TASK DETAILS
Among the lines below, the one containing "Printers Jack Iron-On" opens the range and the one containing "Facebook or Instagram." closes it. Print that range exactly, without the pictures.

DATA UNDER STUDY
------------------------------------------------------------------------

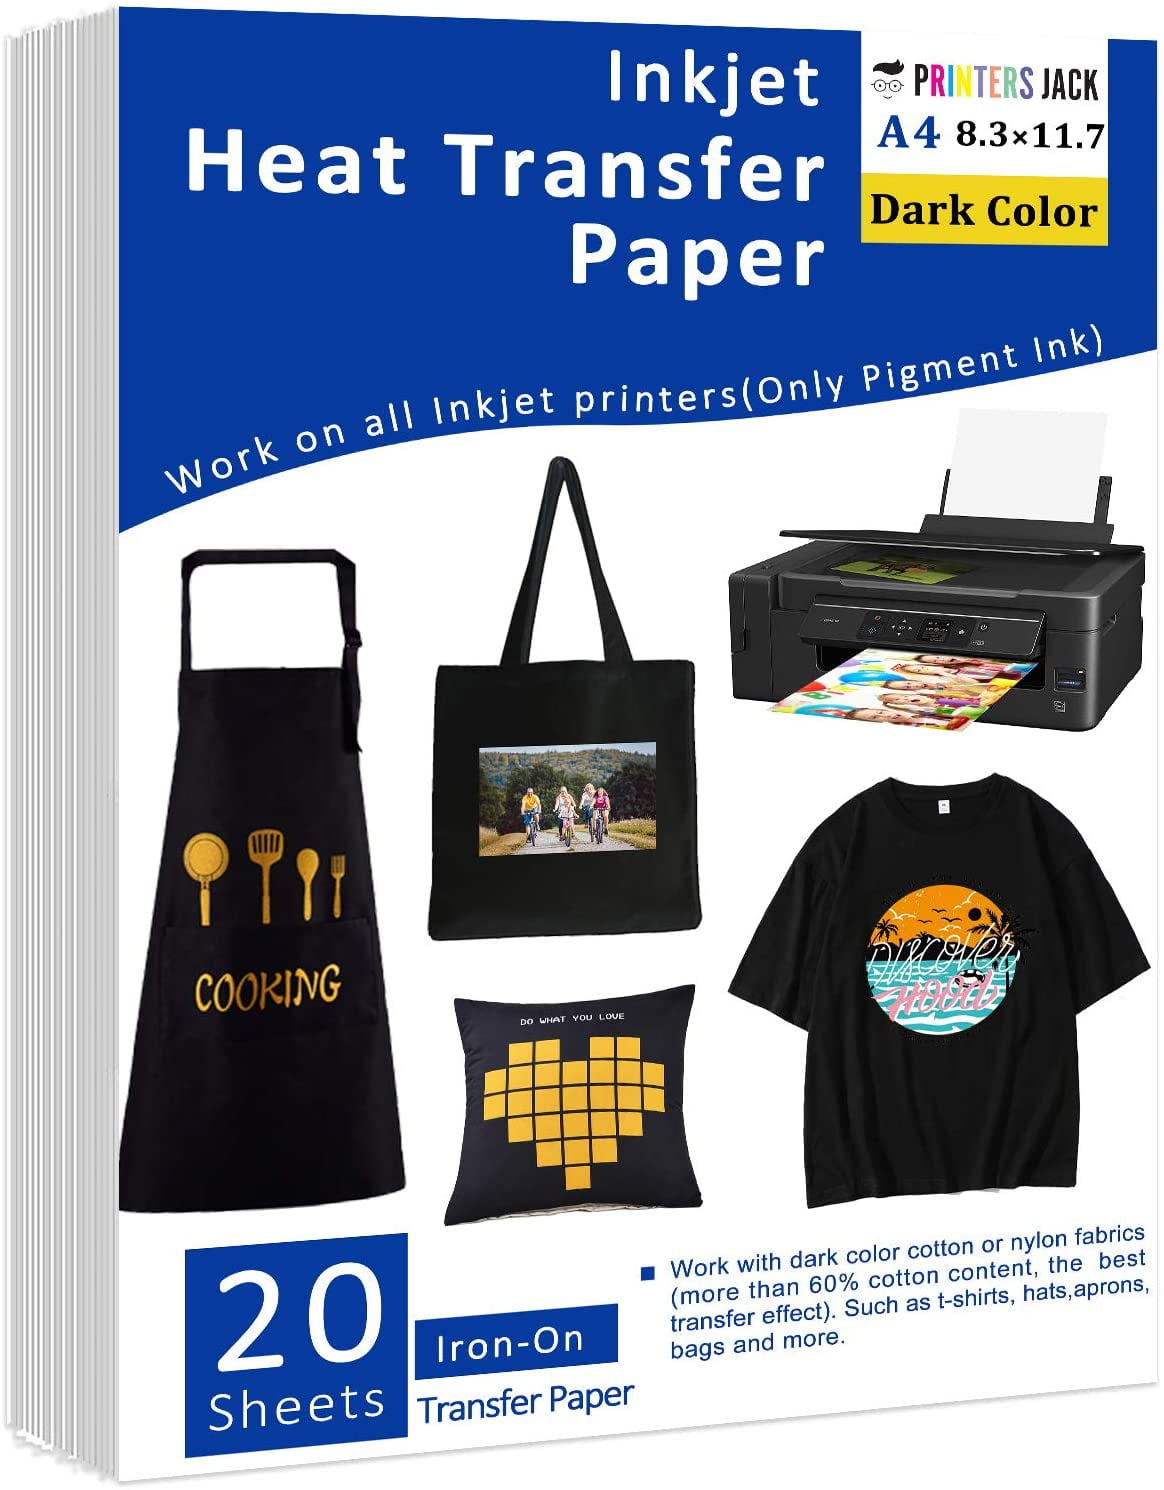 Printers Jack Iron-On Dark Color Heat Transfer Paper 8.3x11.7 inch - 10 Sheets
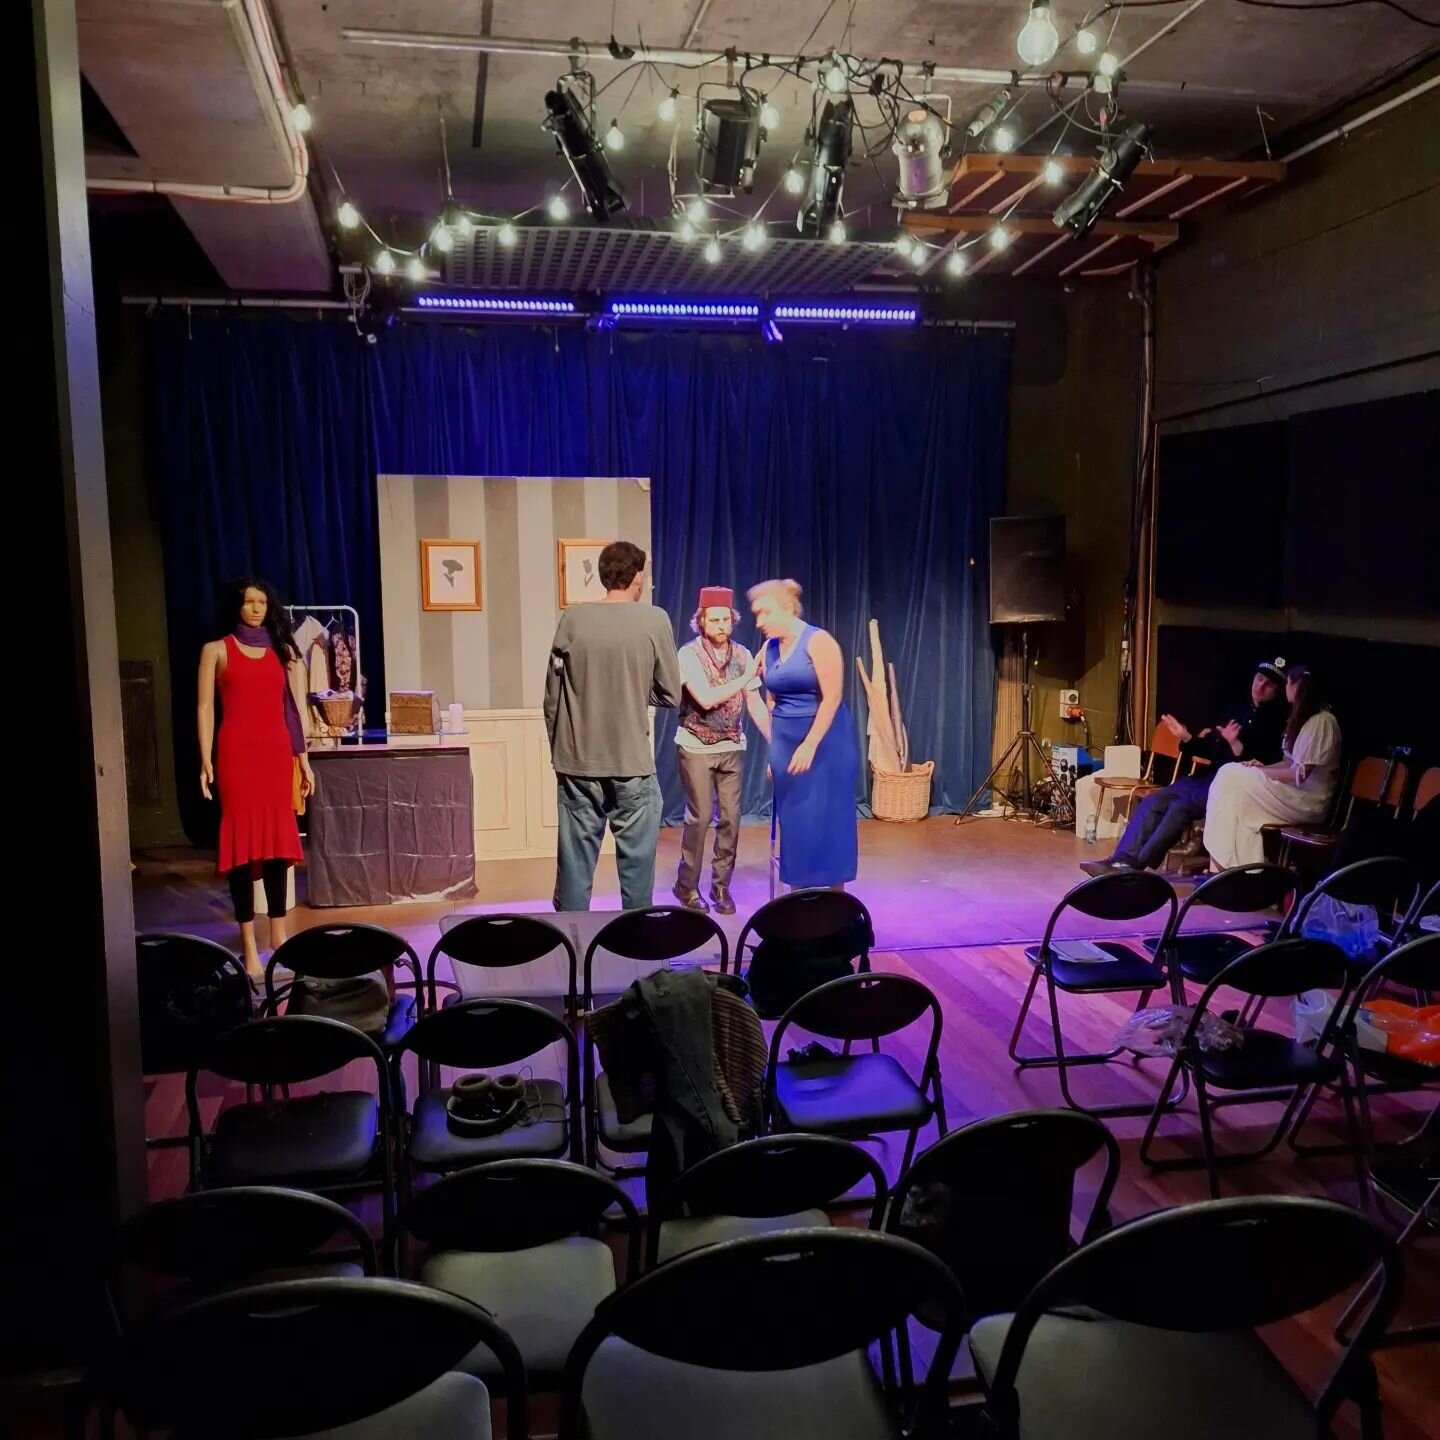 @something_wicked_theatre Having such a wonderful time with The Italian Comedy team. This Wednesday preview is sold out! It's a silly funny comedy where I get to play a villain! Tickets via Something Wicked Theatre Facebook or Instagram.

------------------------------------------------------------------------

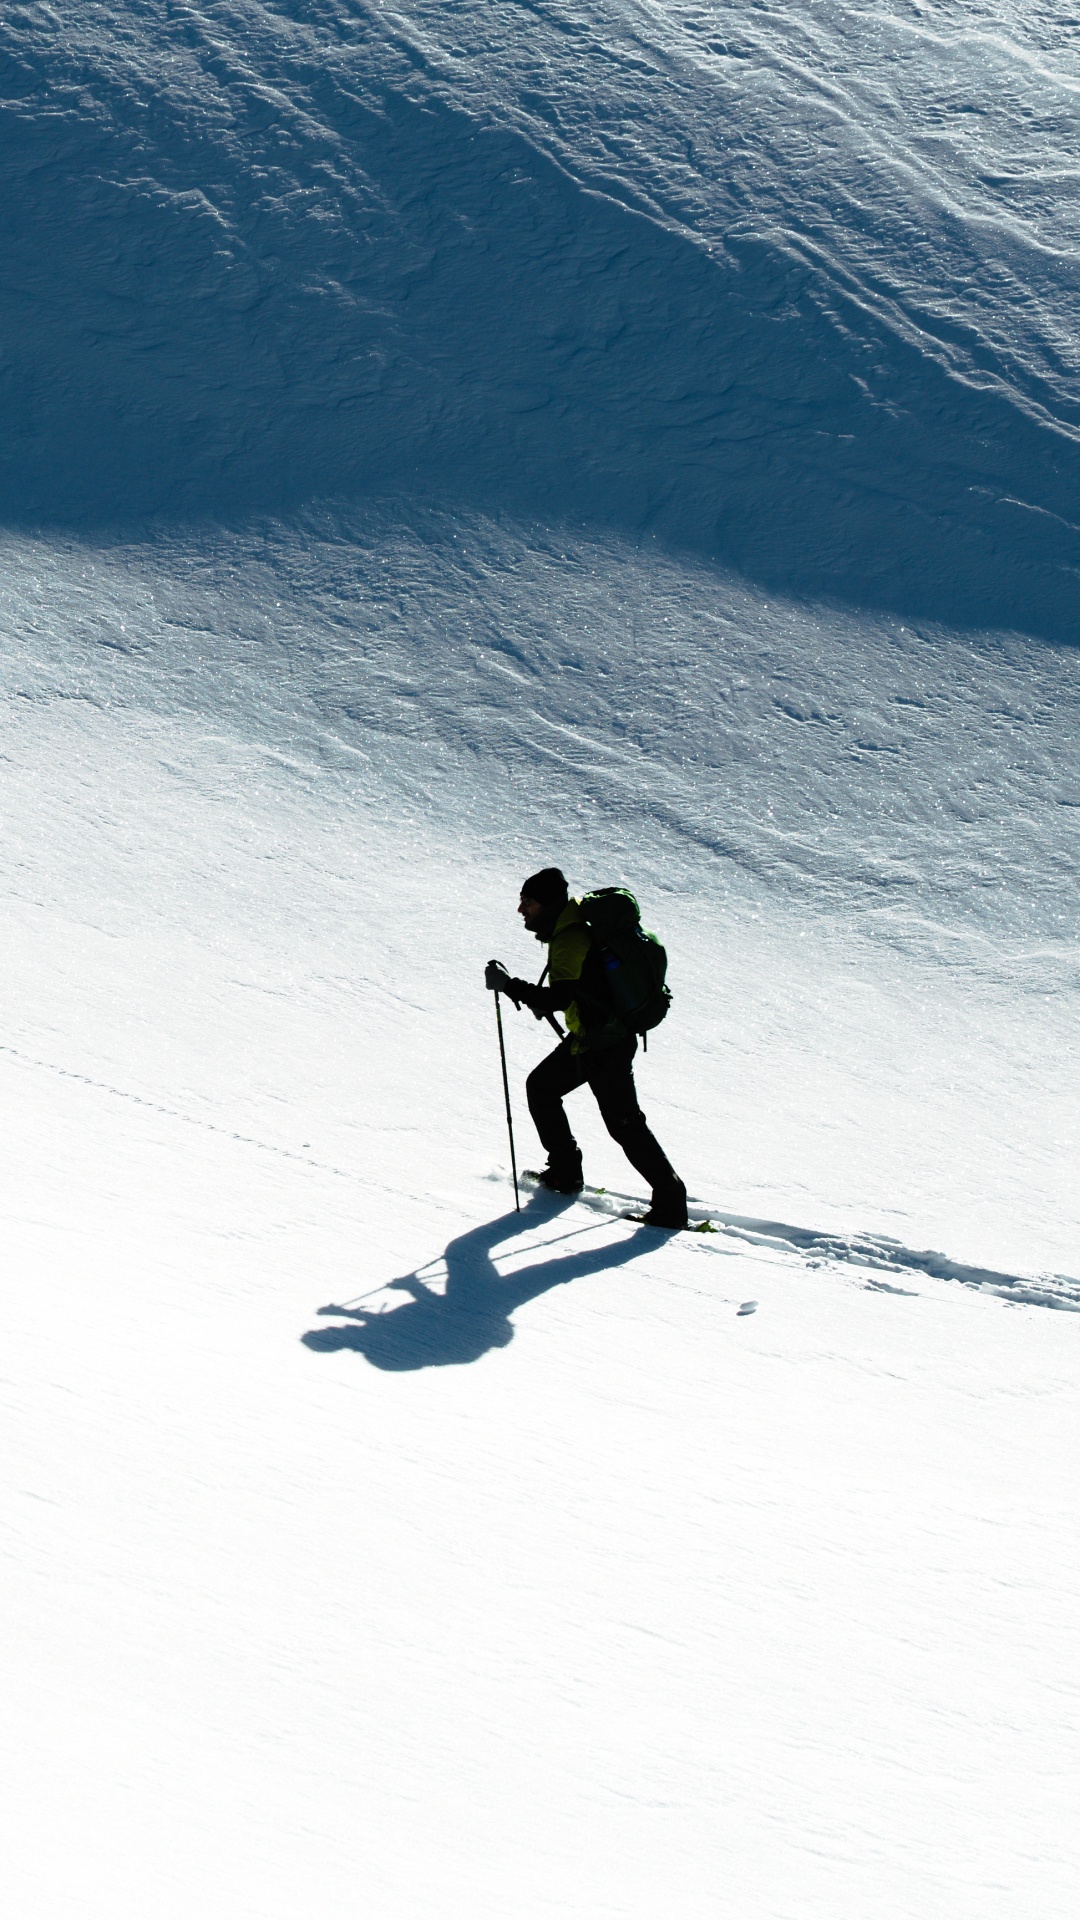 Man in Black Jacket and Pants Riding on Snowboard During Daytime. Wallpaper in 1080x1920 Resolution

------------------------------------------------------------------------

RESULT
 Printers Jack Iron-On Dark Color Heat Transfer Paper 8.3x11.7 inch - 10 Sheets
 @something_wicked_theatre Having such a wonderful time with The Italian Comedy team. This Wednesday preview is sold out! It's a silly funny comedy where I get to play a villain! Tickets via Something Wicked Theatre Facebook or Instagram.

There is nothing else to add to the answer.